Black Snow has been six years in the creation for Malcolm Stacey, and within nearly 400 pages, he re-visits the sinister themes and creepy atmospheres of the best Victorian novelists and brings them up to date in Tenby.

Malcolm - a former investigative journalist with BBC tv and Radio Four - has made his home in Tenby since 2000. He has written eight non-fiction books, including best-sellers Armchair Tycoon and SuperScrooge, and currently writes on stocks and shares on shareprophets.com, where he has up to 80,000 readers a week.

But Black Snow is his first literary venture into the shadowy world of horror, ghosts and crime and he proudly describes the result as ‘Dan Brown meets Stephen King’.

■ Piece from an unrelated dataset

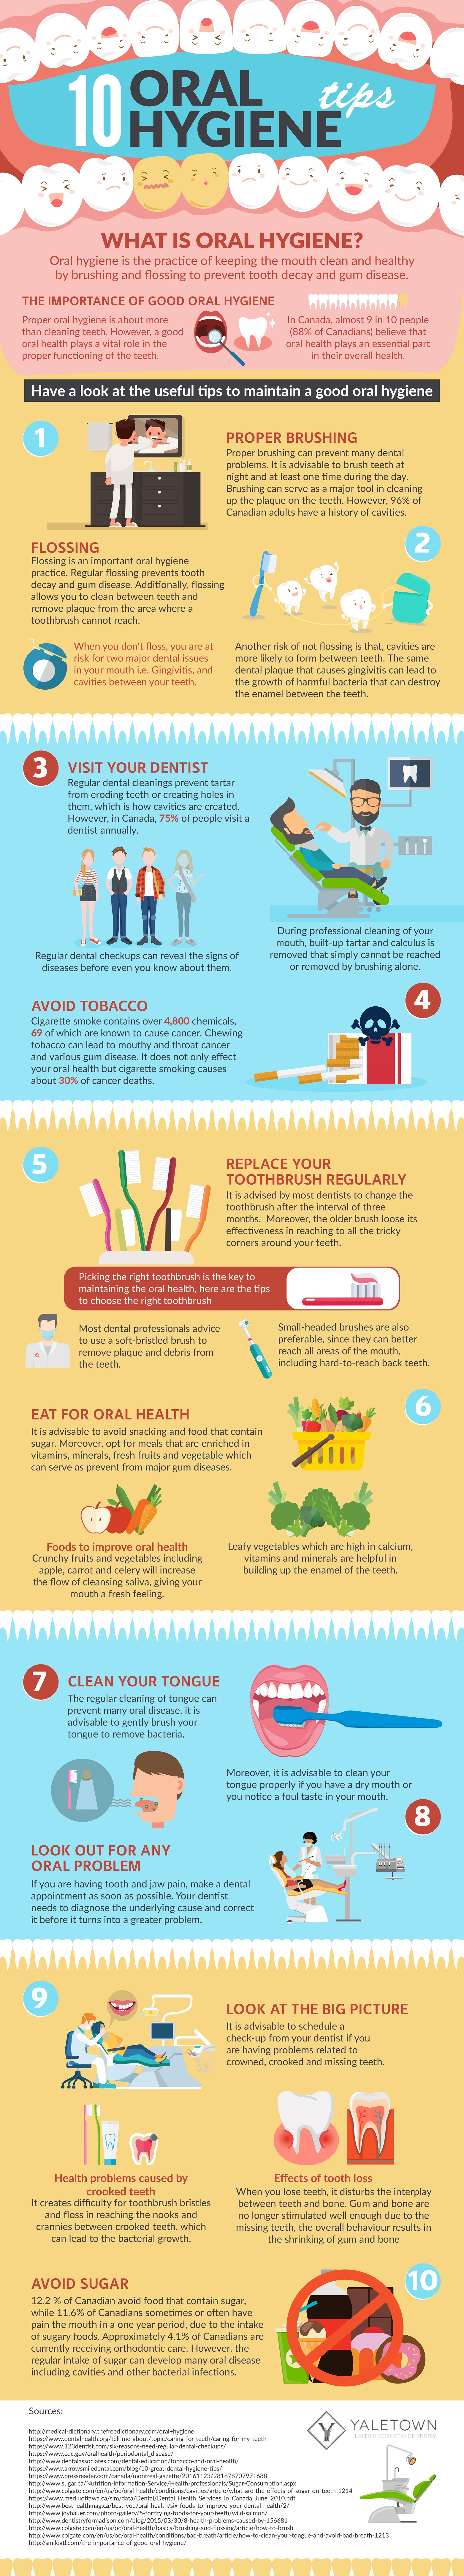 Life Hacks - Maintaining Oral Hygiene - Infographic

Black Snow features an arch-villain with his unearthly gang of strange helpers and his plans to destroy Tenby. A difficult woman with a mysterious past recruits local residents to thwart his evil scheme If they don’t, then the town is doomed.

Said Malcolm: “Behind the holiday fun, Tenby has always seemed to me a rather spooky place. It’s crammed with old buildings, narrow passageways and sits on a network of hidden tunnels.

“It’s a town full of unsolved mysteries and so is an ideal setting for a tale of the supernatural.”

There is, revealed Malcolm, “a high body count” in Black Snow - one of the unfortunates being Saundersfoot landscape gardener and builder Geoff Allport, who meets death by a mysterious drowning.

Geoff was one of the first people to read the book. He said: “The book is very atmospheric and imaginative. It was a strange experience to read it and suddenly find myself there in the story. Luckily I’d been warned by Malcom I was going to meet a sticky end.”

No real-life characters in the book are put in an unflattering light, assured the author.

He added: “Though their correct names are used, their thoughts and actions are, of course, pure fiction.

“That’s a good job, too, as only the brave would want to read Black Snow at bedtime. I’ve certainly tried to make it frightening.”

l Black Snow by Malcolm Stacey is now on Amazon Kindle for £1.99, with the print version on sale everywhere from between £7 and £12.